The season of giving, or rather of helping others, roared in on two wheels a few weeks ago when the Martha’s Vineyard Harley Riders, which also included off-Island Samaritans, circled the Vineyard in a rugged display of kindness while gathering toys and donations for the Red Stocking Fund.

Red Stocking collects and distributes toys to Vineyard children in need and has done so since 1938. You would be hard put to find a longer history of evoking the spirit of the holidays, of looking in the mirror at your own good fortune and extending it to others.

For a more recent display look no further than the bewhiskered jowls of Vineyard policemen, with the boys in blue from several towns defying protocol and growing beards and mustaches and then shaving them off for charity.

But of course giving back is not only a seasonal urge here on the Island. Consider the Island Food Pantry and Serving Hands which provide food for the hungry year-round, as does Island Grown Initiative, in particular their lunch program, which helps feed kids during the summer and vacation weeks when subsidized school lunches are on break.

And yet the holiday season does open hearts a bit wider it seems, which is especially important as cold weather and loss of summer incomes loom. There is no better example of this than the houses of worship and their community suppers, which ensure that every day of the week a person can get a free meal in the company of others. The Chilmark Community Church has already started serving pizza on Tuesday evenings and in the new year the other congregations will follow suit with their meals, powered by a village of volunteers.

But the congregations did not stop there. They are on the front lines of hardship, witnessing the daily struggles of countless community members, specifically around food and shelter. With food covered, at least in part, they turned to housing. Four years ago they began Houses of Grace shelters, where from Jan. 1 to March 31 the homeless or nearly so can find a bed every night of the week, from 6:30 p.m. to 7 a.m., again powered by volunteers. For those wishing to help out there will be one more volunteer orientation on Wednesday, Dec. 5 at 7 p.m. at Good Shepherd Parish in Oak Bluffs.

Then the houses of worship leaned in some more, looking for a way to help in the daytime hours during the coldest months of a New England winter, before the nighttime shelters open. The answer was a warming shelter at the Good Shepherd Parish, already open this year from Mondays to Saturdays, thankfully so as the cold weather roared in during the Thanksgiving holiday.

The congregations, along with the Social Justice Club at the regional high school, have also organized a weekend retreat in Boston later in December, pairing up with CityReach where students spend a night helping and interacting with the city’s homeless, passing out food and warm clothing, sleeping on the floor of a church, and getting to know their less fortunate brothers and sisters. The weekend helps reveal to this next generation how homelessness is everywhere, in cities and suburbs and enchanted summer vacation destinations, while often remaining out of sight.

Which brings up the question, why is it that the houses of worship and volunteers are bearing the brunt of this work? The county is an essential part of the mix, employing a homeless prevention director and providing funds, but where are the towns and the town discussions? Lack of affordable housing is on agendas but this is often for the lower/middle income brackets. But what of those whose incomes are too low or non-existent to qualify for these programs? Where do they fit in at town talks and meetings?
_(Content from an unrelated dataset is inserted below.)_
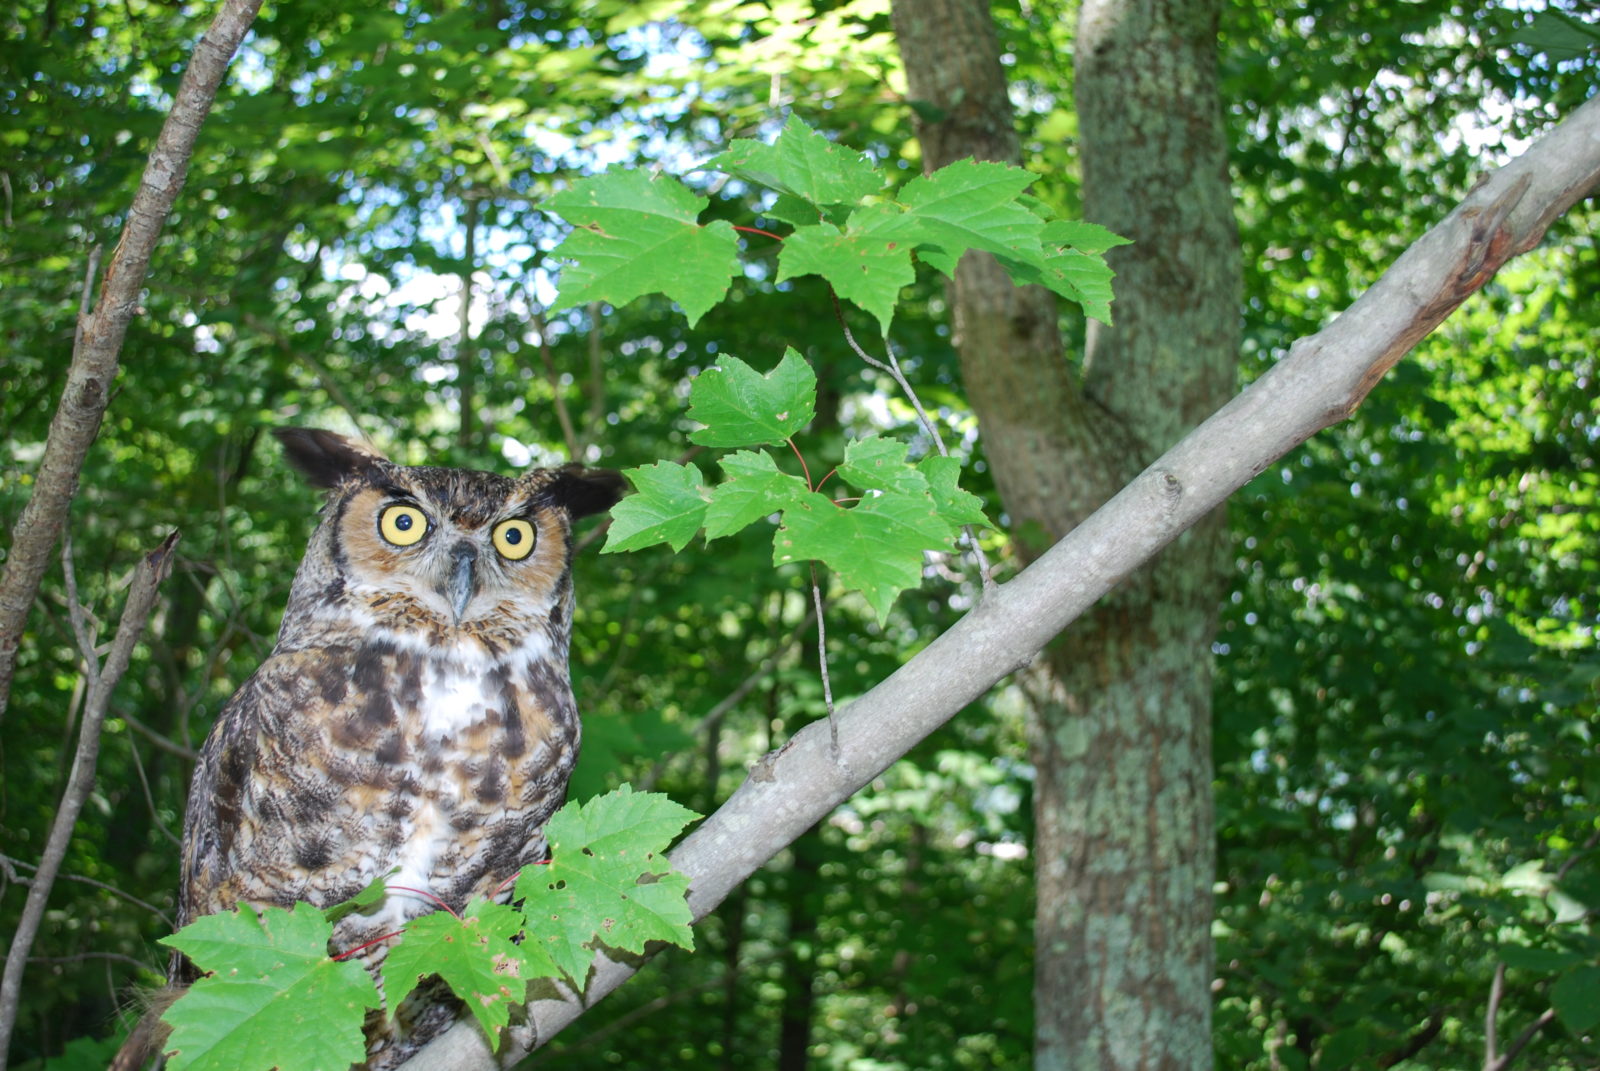 An image of a great horned owl sitting on a maple tree branch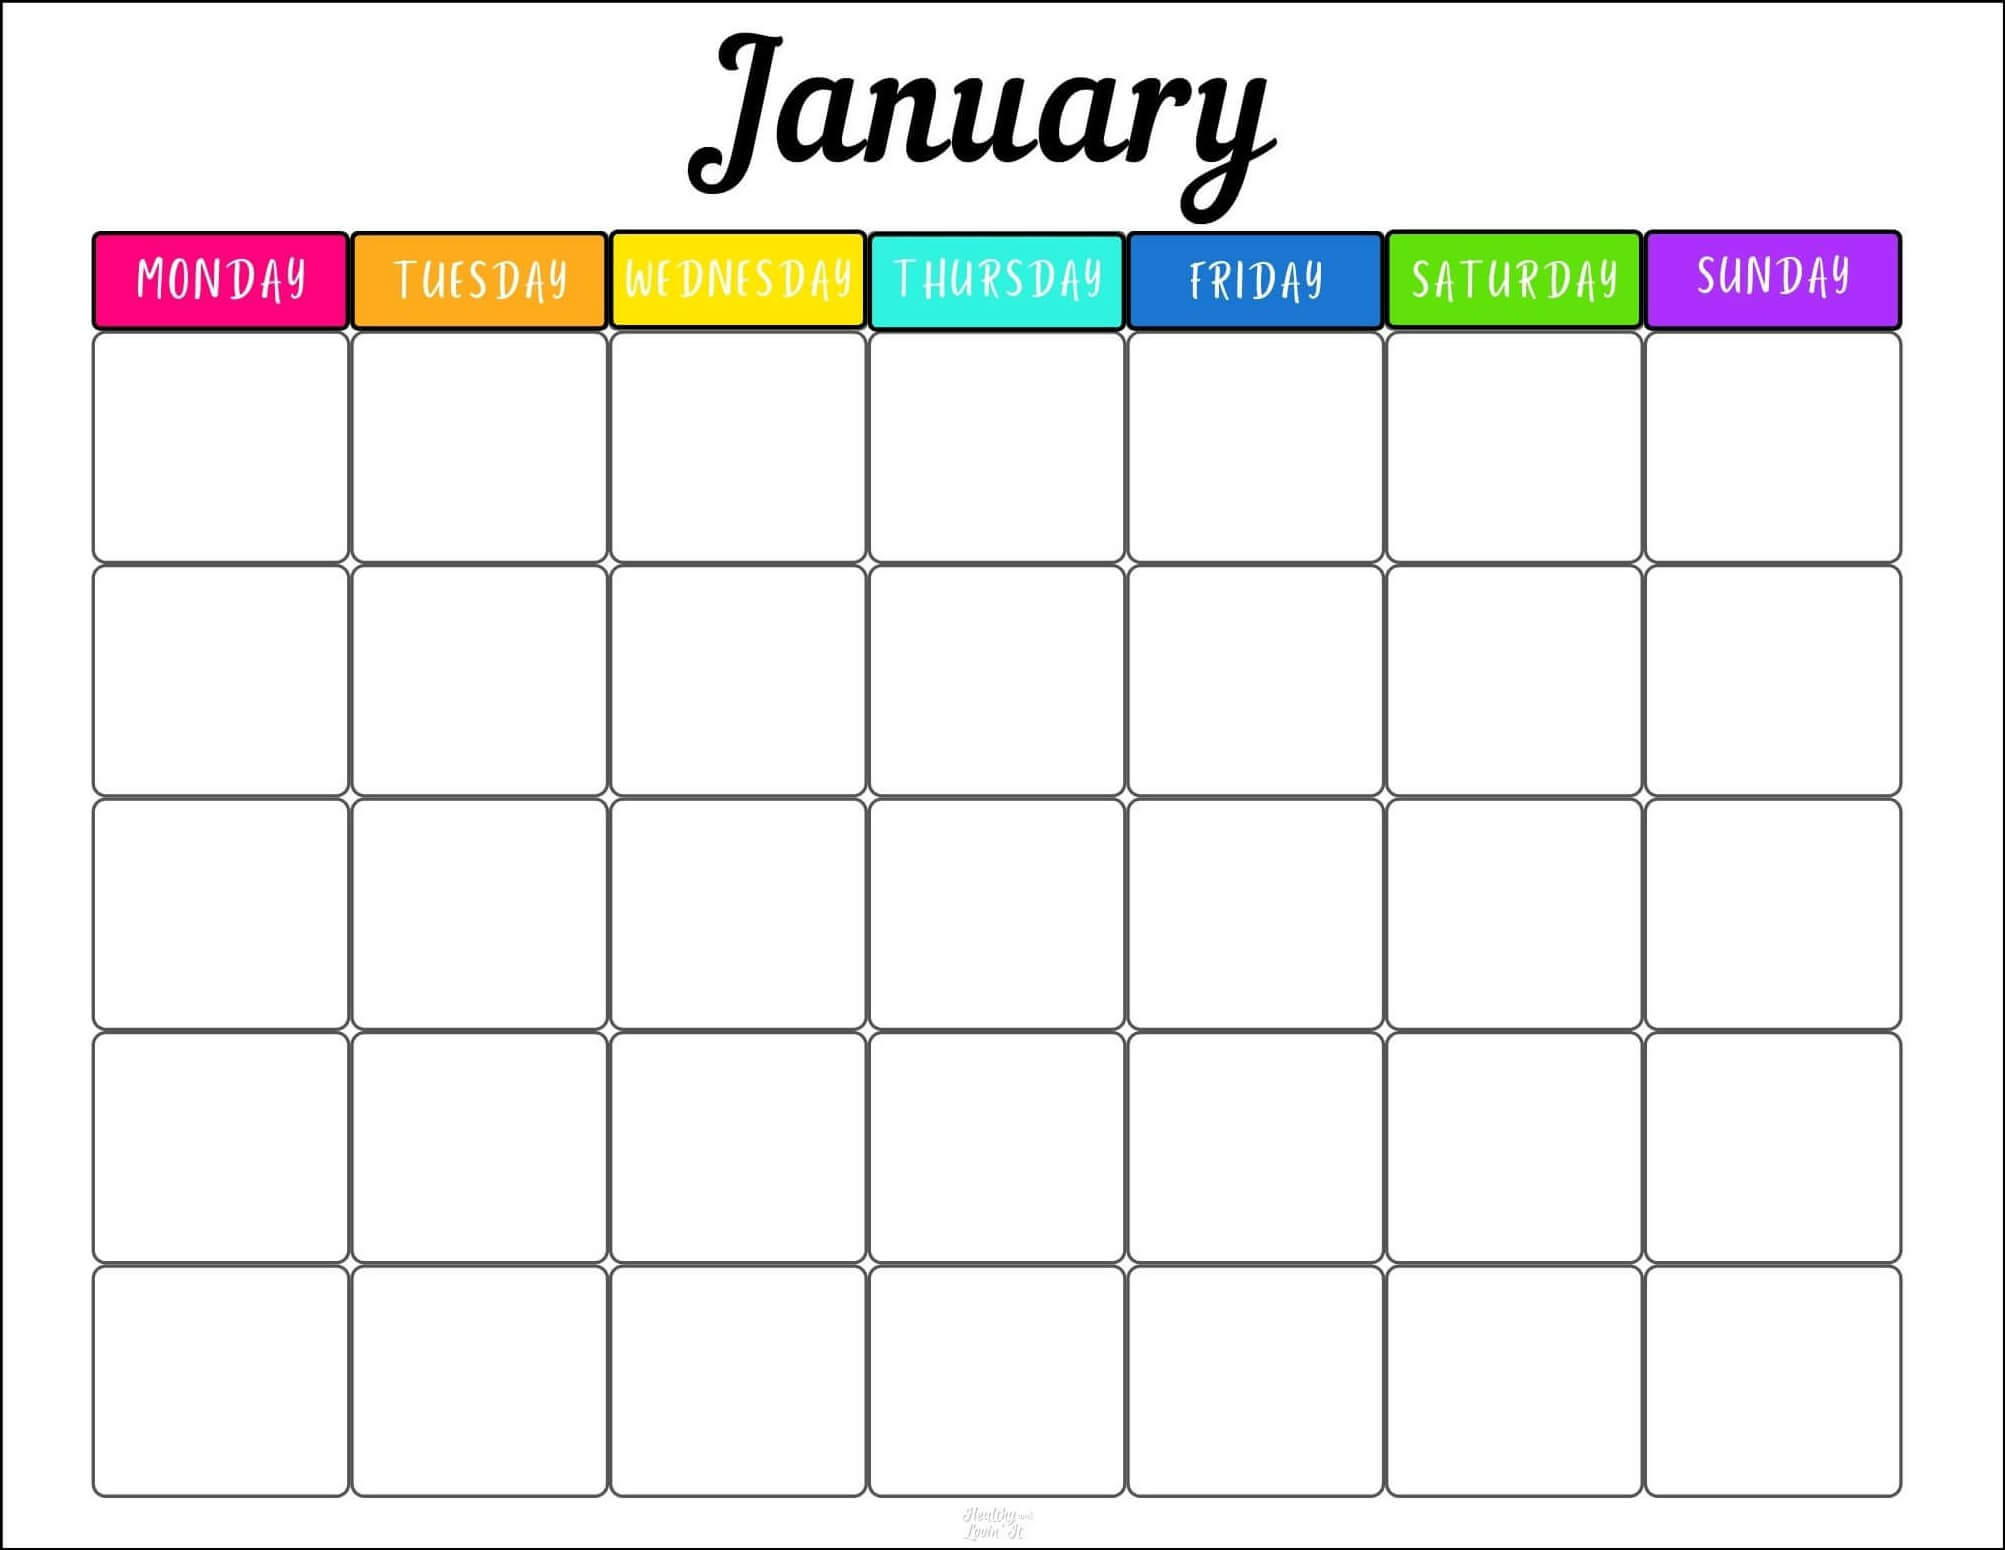 Free Printable Monthly Schedule TemplateTwo Cute Designs!

Recently, a new program called Harbor Homes has approached the various community preservation committees for funds to help create group housing for those who have none, not as a permanent solution but as a way to stabilize individuals in order to begin the next step to more permanent housing. It is hoped that the towns will look upon this proposal favorably, and also use it as a way to keep the conversation going about how to not just thank everyone who has stepped forward with their time and energy, but to look for lasting solutions.

Because no one should go hungry or homeless during the holidays, or at anytime. Not here or anywhere.